Walaupun umat Islam pada saat itu bersikap
demikian, tapi kekerasan terus berdatangan hingga akhirnya nabi Muhammad
Saw. dan pengikutnya memutuskan pindah (hijrah) ke Yatsrib, kota yang
penduduknya sangat majemuk, plural (beragam), ada Yahudi yang terdiri
dari tiga etnis, Bani Quraidhah, Bani Qainuqa dan Bani Nadhir. Ada
Nasrani, Paganis (penyembah berhala), Muslim pribumi (Anshar) dan Muslim migran (Muhajirin).
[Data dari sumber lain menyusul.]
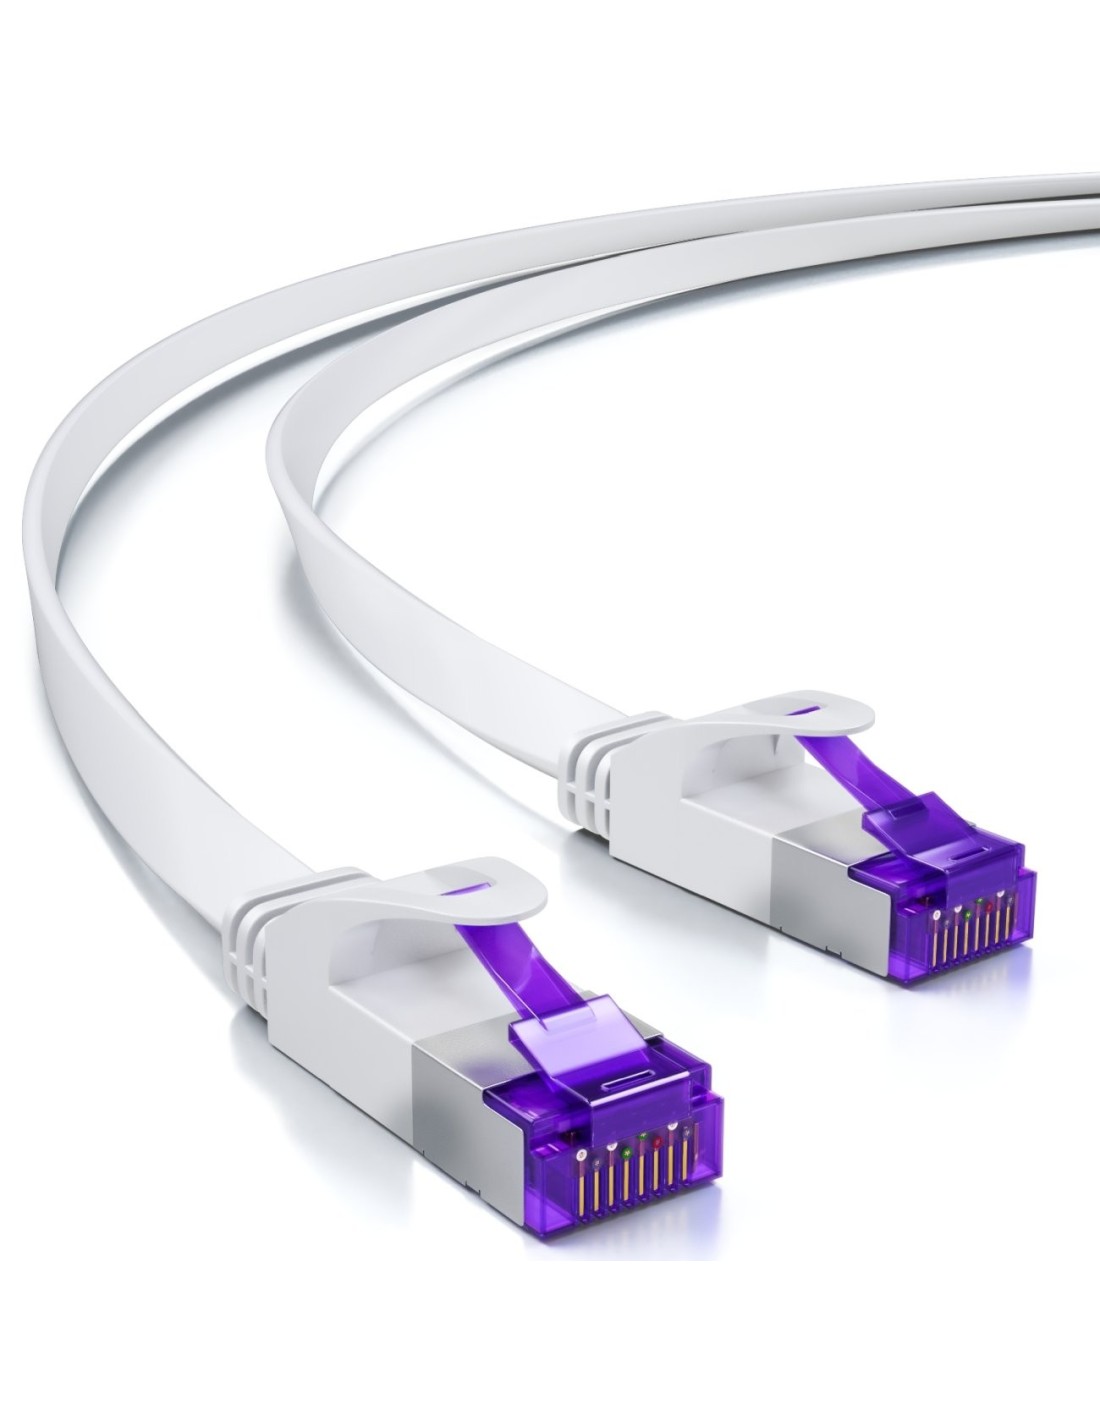 Les prises Ethernet RJ45 ne seront plus obligatoires dans les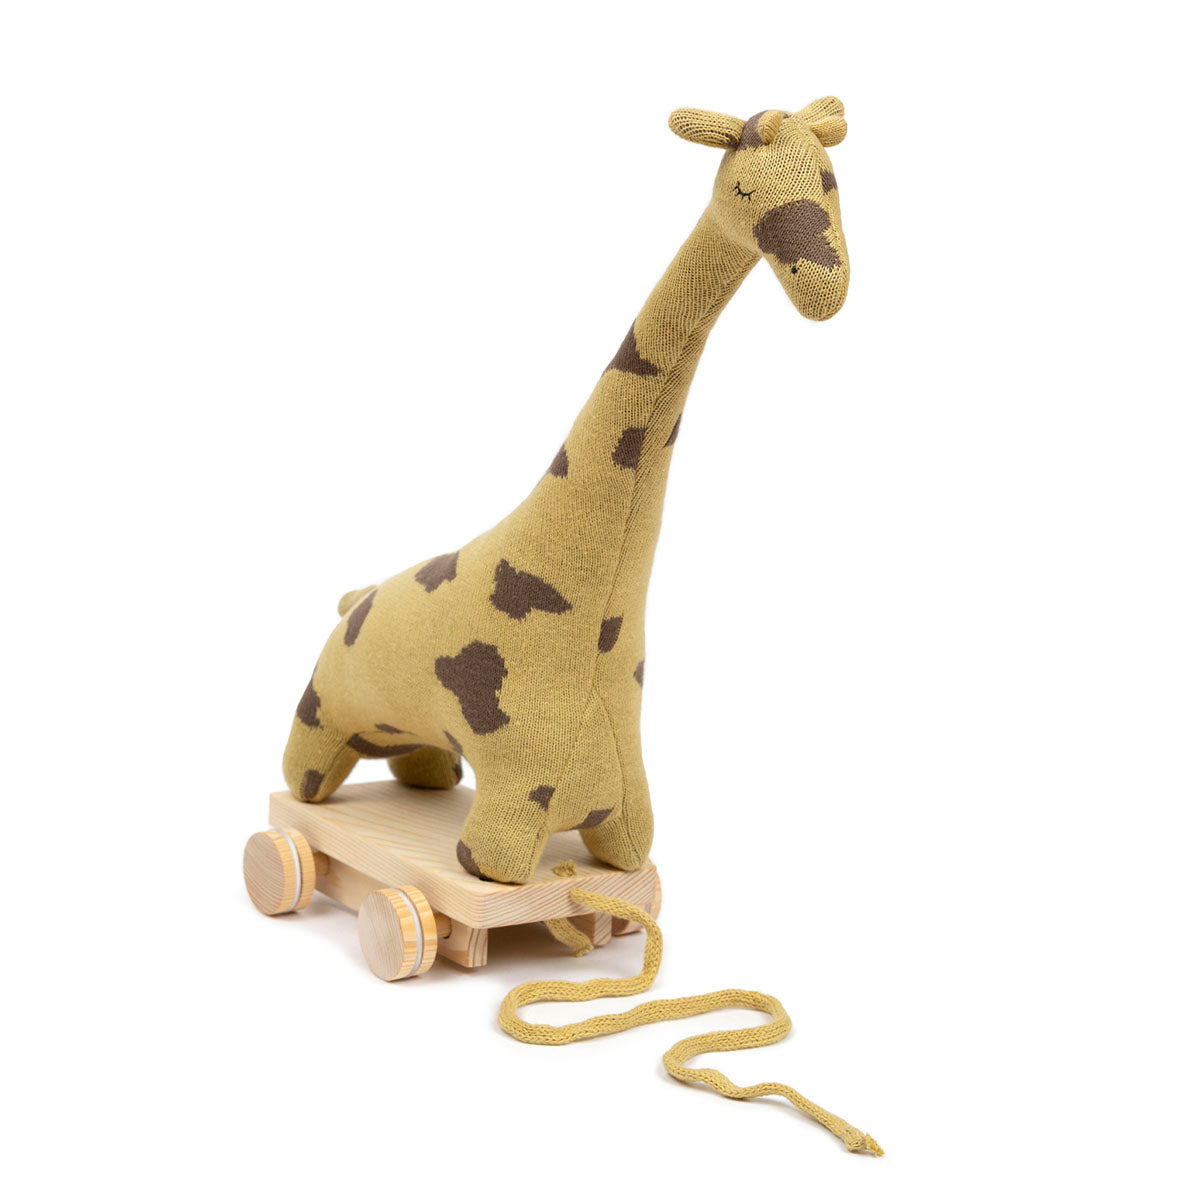 Het Smallstuff trekdier giraffe mustard is een super leuk speeltje voor wanneer je kindje net heeft leren lopen. Samen met dit leuke trekdier gaat jouw kleintje op pad; de wereld ontdekken! VanZus.

Oleh karena itu langkah yang pertama kali dilakukan oleh nabi Muhammad
Saw. adalah mengadakan persatuan dan kesatuan dibawah Piagam Madinah (Shahifah Madinah) dimana semua warga bangsa (Yahudi, Nasrani, Musyrik, Muslim) dianggap satu umat (Ummah Wahidah),
semuannya memiliki hak hidup sama, tidak dibeda-bedakan.[19] Sejak
itulah kota Yatsrib namanya diganti menjadi Madinah, penduduknya disebut
Mutamaddin dan sistemnya dikenal dengan Tamaddun. Persaudaraan sesama manusia (Ukhuwwah Basyariyyah)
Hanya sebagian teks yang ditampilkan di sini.